I may be nit picking, but *during their maiden voyage,* I discovered a very *small divot in the shell*. I know this was not caused by me knocking them or something because the inside of the shell that is exposed is cigar colored and not naked shell.
In any event, I just want to gather opinions as to whether this is acceptable or if I should be concerned. I can probably deal with a small divot, *but the small concern is that it may become larger with time and develop into a crack.*

what say you all? forget it, inquire about repair?

Large Pictures for Empirical Study (Sorry, its necessary):
Before, upon discovery:










after vigorous brushing and the spoon method:










In context:


----------



## Trip English (Dec 22, 2008)

Not only is it acceptable, but it's desirable. Any natural material is enhanced by natural characteristics as well as those added through manufacture or wear. Just add more wear and tear and they'll really start to look good.


----------



## closerlook (Sep 3, 2008)

Trip English said:


> Not only is it acceptable, but it's desirable. Any natural material is enhanced by natural characteristics as well as those added through manufacture or wear. Just add more wear and tear and they'll really start to look good.


Thanks for your input trip. I always appreciate your perspectives.

I am about to pm you on a different point of interest, you might enjoy.


----------



## Racer (Apr 16, 2010)

I just realized I'm not nearly as picky as I thought I was


----------



## closerlook (Sep 3, 2008)

Racer said:


> I just realized I'm not nearly as picky as I thought I was


; ) fair enough


----------



## Trip English (Dec 22, 2008)

That dime, however, is filthy and should be exchanged for a new one.


(-;


----------



## sjk (Dec 1, 2007)

Trip English said:


> Not only is it acceptable, but it's desirable. Any natural material is enhanced by natural characteristics as well as those added through manufacture or wear. Just add more wear and tear and they'll really start to look good.


I agree. It's a trivial imperfection, in my judgement, and will be less noticeable with the patina of age. Remember, you are to wear the shoes, not perform surgery with them. This little ding will let you relax when you wear them. Shell is not something that should promote OCD. (That's obsessive-compulsive disease, not to be confused with OCBD.)


----------



## closerlook (Sep 3, 2008)

sjk said:


> I agree. It's a trivial imperfection, in my judgement, and will be less noticeable with the patina of age. Remember, you are to wear the shoes, not perform surgery with them. This little ding will let you relax when you wear them. Shell is not something that should promote OCD. (That's obsessive-compulsive disease, not to be confused with OCBD.)


indeed 
I take your pt, but just be clear this is an actual break/cut in the surface, not a depression.


----------



## joenobody0 (Jun 30, 2009)

Trip English said:


> Not only is it acceptable, but it's desirable.


I definitely don't think it's desirable, but I'd have a hard time taking those shoes back. I'm not sure you can expect anything better, and I've seen much much worse from Alden so you'd be taking a risk to swap them.

Who did you work with in SF? I like Jim.


----------



## closerlook (Sep 3, 2008)

joenobody0 said:


> I definitely don't think it's desirable, but I'd have a hard time taking those shoes back. I'm not sure you can expect anything better, and I've seen much much worse from Alden so you'd be taking a risk to swap them.
> 
> Who did you work with in SF? I like Jim.

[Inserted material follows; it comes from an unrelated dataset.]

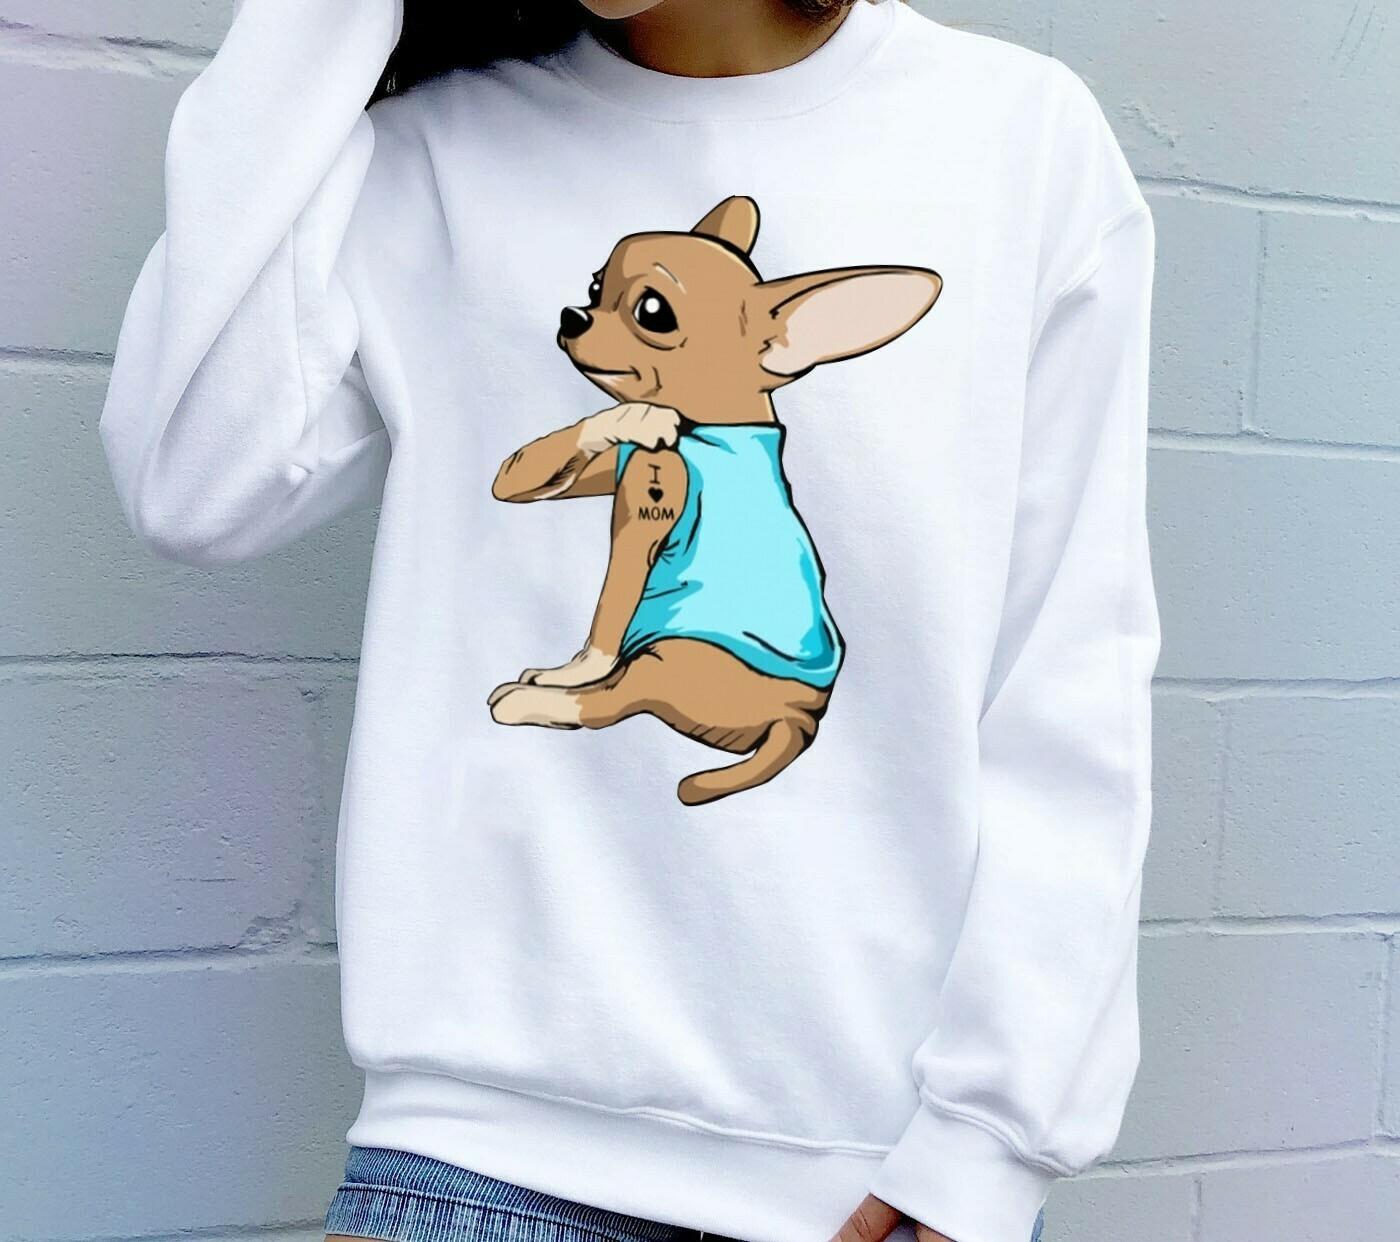 Chihuahua Dog Dog Tattoos I Love Mom Funny Shirt T-Shirt Hoodie Sweatshirt Sweater Tee Kids Youth Gifts Jolly Family Gifts

I've seen worse too, which is part of why I pretty much accept this.

Jim is great.


----------



## The Rambler (Feb 18, 2010)

I've seen pictures of Alden seconds from Shoemart or somewhere on this forum with lesser imperfections. I'm not saying that that nick is a big deal, but I'd be tempted to take them back and see what they said.


----------



## phyrpowr (Aug 30, 2009)

joenobody0 said:


> I definitely don't think it's desirable, but I'd have a hard time taking those shoes back. I'm not sure you can expect anything better, and I've seen much much worse from Alden so you'd be taking a risk to swap them.
> 
> Who did you work with in SF? I like Jim.


Same here on returns, cordovan seems to never be perfect, and this is so minor I had to look hard at the enlargement. +1 on the SF staff, they spent 1/2 hour helping me on fit though I told them I might not order anything for quite some time.


----------



## mcarthur (Jul 18, 2005)

closerlook said:


> Hello Gang,
> I recently received my long coveted pair of cigar shell ptb from Alden Sand Francisco (Great sales team there by the way).
> 
> I may be nit picking, but *during their maiden voyage,* I discovered a very *small divot in the shell*. I know this was not caused by me knocking them or something because the inside of the shell that is exposed is cigar colored and not naked shell.
> ...


i would return


----------



## closerlook (Sep 3, 2008)

^^ even after wearing once?


----------



## Acacian (Jul 10, 2007)

A tiny nick smaller half the size of FDR's nose? I wouldn't sweat it.


----------



## Mr. Mac (Mar 14, 2008)

FWIW, I wouldn't accept a return/exchange on that shoe if I were the retailer. 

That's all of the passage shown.